Renewables stocks surge as govt renews vow to speed up expansion amid Ukraine war
Frankfurter Allgemeine Zeitung
German renewables stocks have surged amid prospects of an accelerated energy transition after the government emphasised plans to speed up renewables expansion as a way to become independent of imported fossil fuels, Tim Kanning writes in Frankfurter Allgemeine Zeitung. The debate had gained momentum after Russia - a major supplier of oil, gas and hard coal to Germany - invaded the Ukraine, prompting decision makers to think about alternative sources. Due to companies now expecting new orders and improved framework conditions, the shares of Hamburg-based wind turbine manufacturer Nordex went up by 17.5 percent on Monday (28 February). Danish competitor Vestas saw a rise of up to 14.5 percent. Other companies that have benefited include Encavis AG, and Hessian SMA Solar which manufactures parts for PV systems. Siemens Energy, which builds different kinds of power plants, saw a gain of more than 10 percent, the article says. The announcement by economy and climate minister Robert Habeck that, if necessary, coal and nuclear plants could be running longer than planned to ensure a secure energy supply, also saw the share price of classic energy utilities RWE and E.ON go up. In contrast, the shares of energy company Uniper, which is involved in the now suspended Nord Stream 2 pipeline and relies heavily on Russian gas imports, lost a third of their value within a week.

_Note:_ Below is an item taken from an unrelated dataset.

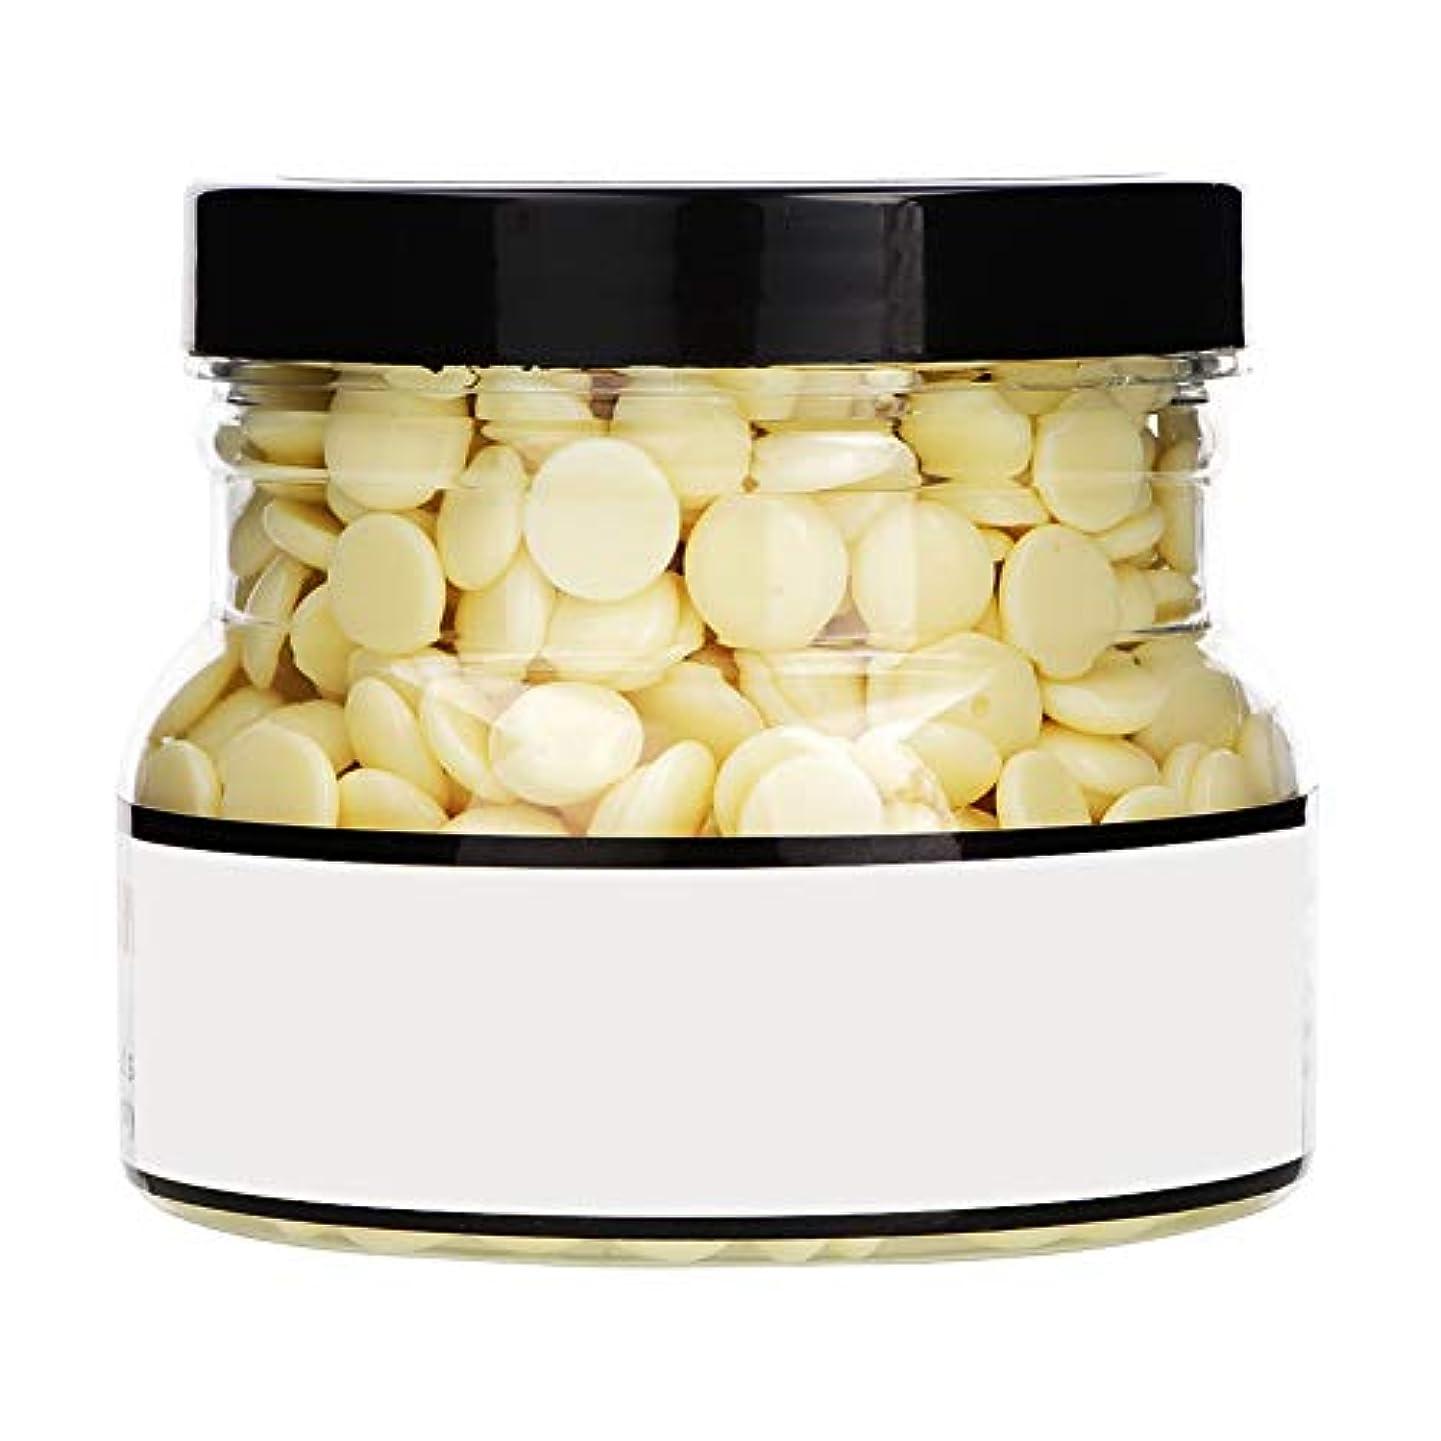 役に立つペイン間違いなくワックス豆、インゲン豆、ハードボディ脱毛脱毛ワックス脱毛ワックスボックス固体淡黄色1PCスタイルの250グラム-01

The war in Ukraine forces Germany to radically rethink its energy policy, given that the country is heavily dependent on Russian fossil fuels. In first reactions, Germany put the contentious Nord Stream 2 pipeline project on hold, announced the creation of strategic coal and gas reserves, committed to building terminals for the import of liquefied natural gas (LNG), and agreed to support the ousting of Russian banks from the SWIFT payments system. The government has also pledged to speed up the shift to renewables in a bid to become more independent from energy imports.